Today, intellectual elites war against the principles on which the United States Constitution was founded. We hear arguments under the influence of Durkheim’s social theory that claim a person must be thought of as a social production. Some authors claim that to be considered a person one must be socially defined, a publicly visible embodied being, endowed with powers and capacities for public meaningful action. This excludes the child in utero. Such a definition contrasts sharply with the notion of person embodied in American law until Roe v. Wade.
For Durkheim crime is to be understood as a serious affront against the “collective experience,” that is, “the common morality which holds men together when sentiment is strong and precise.” The collective conscience need not be correct or dictated by any natural law. It is sufficient that the value it promotes be held strongly by the community.
One can give a list of cases where a commonsense notion of person was accepted in American courts. Most often “person” was defined for legal purposes as a human being, distinguished from a thing or a lower animal.
Courts commonly recognized that an unborn child falls within the meaning of person. To cite one example, the Kentucky Court of Appeals in Mitchell v. Couch found on behalf of the child en ventre if he sustained harm as a result of negligent injury done to his mother. The court said in its 1855 opinion: “A viable unborn child is an entity within the general meaning of the word ‘person’ because biologically speaking the child is a presently existing person, a living human being.”
From an empiricist point of view, such a ruling would have been impossible.

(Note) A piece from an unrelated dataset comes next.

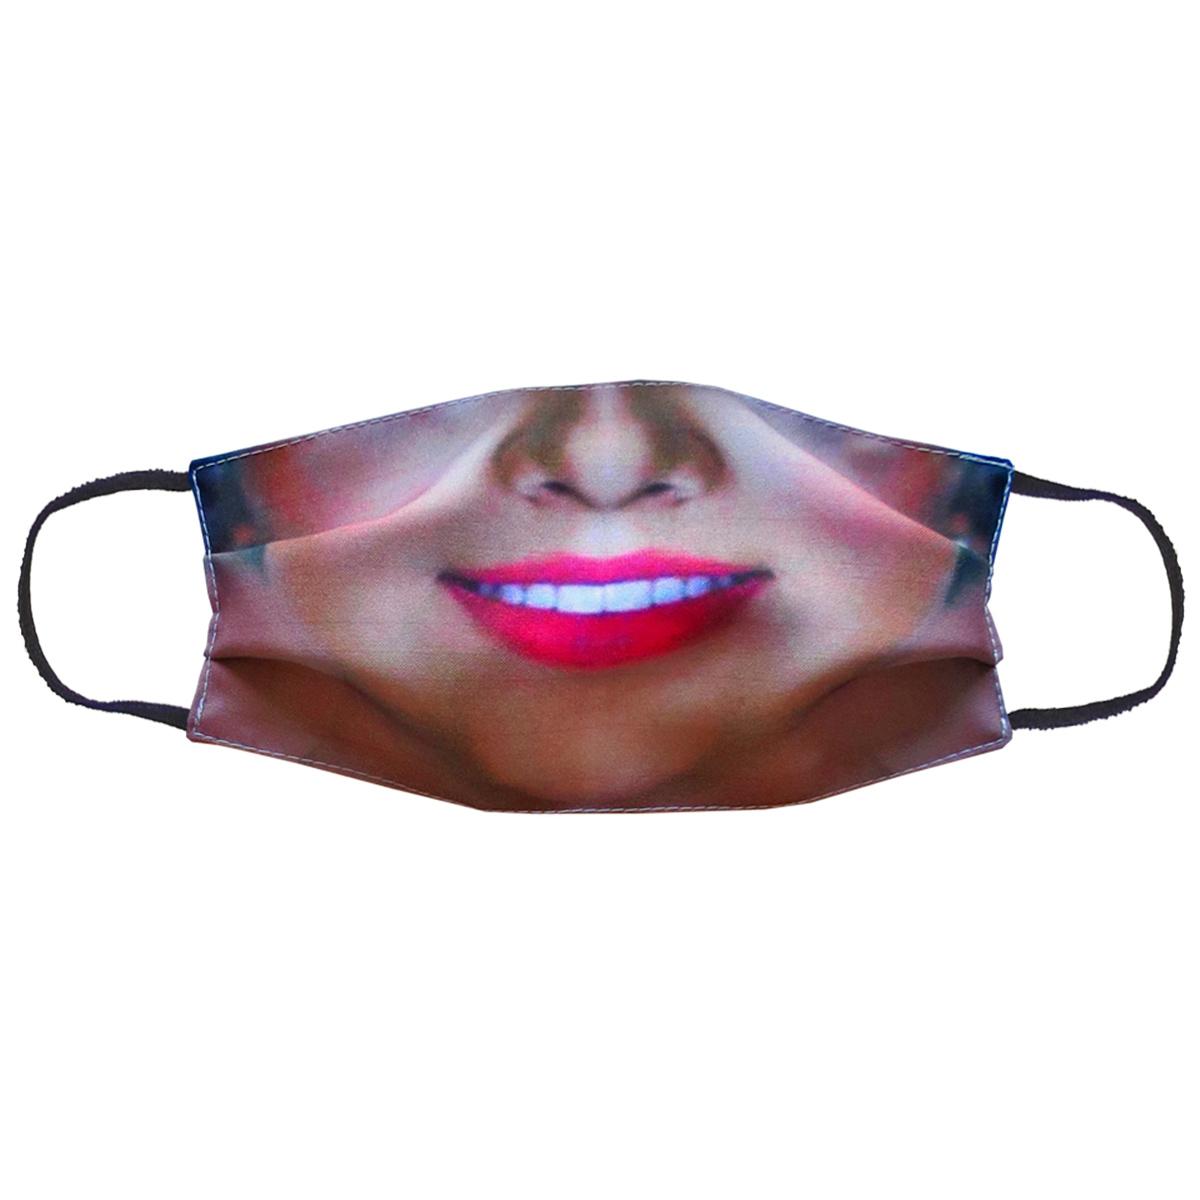 Повязка (маска) принтованная от пыли 'Губы улыбка'

The question to be confronted is whether empiricism, the philosophical materialism of Durkheim and Comte and their successors, can support biblical morality and the law we have known. Social conscience takes a hundred-degree turn when empiricism is affirmed and the metaphysical is denied. Under such a construction there are no rights anterior to law and no rights contrary to law.

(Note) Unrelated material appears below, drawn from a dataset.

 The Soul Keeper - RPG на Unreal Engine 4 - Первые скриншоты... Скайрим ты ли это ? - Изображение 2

The implications for tort and contract law are enormous. Attribution of blame is attributed without causal evidence. One generation is held accountable for the deeds of another. Retribution it is called. Changing attitudes among legal theorists and decades of judicial activism have not only made tort litigation a risky business for industry, but have altered the traditional role of law in society and have obfuscated the purpose of law in general
There is nothing new here. All of this is well known, but given present social conflict and current political debate, a few basic principles and facts are worth recalling. It is commonly acknowledged that candidates for office will say almost anything to appeal to their “base” — that group of people willing to spent time, money, and energy to secure their candidate’s election. Currently, the “base” for one of the parties appears to consist of individuals who recognize “persons with rights” only insofar as they challenge the majority of society. We find lists of things that must be done for the mosaic minority by the majority whose rights are utterly discounted.
Not even Durkheim would have gone that far.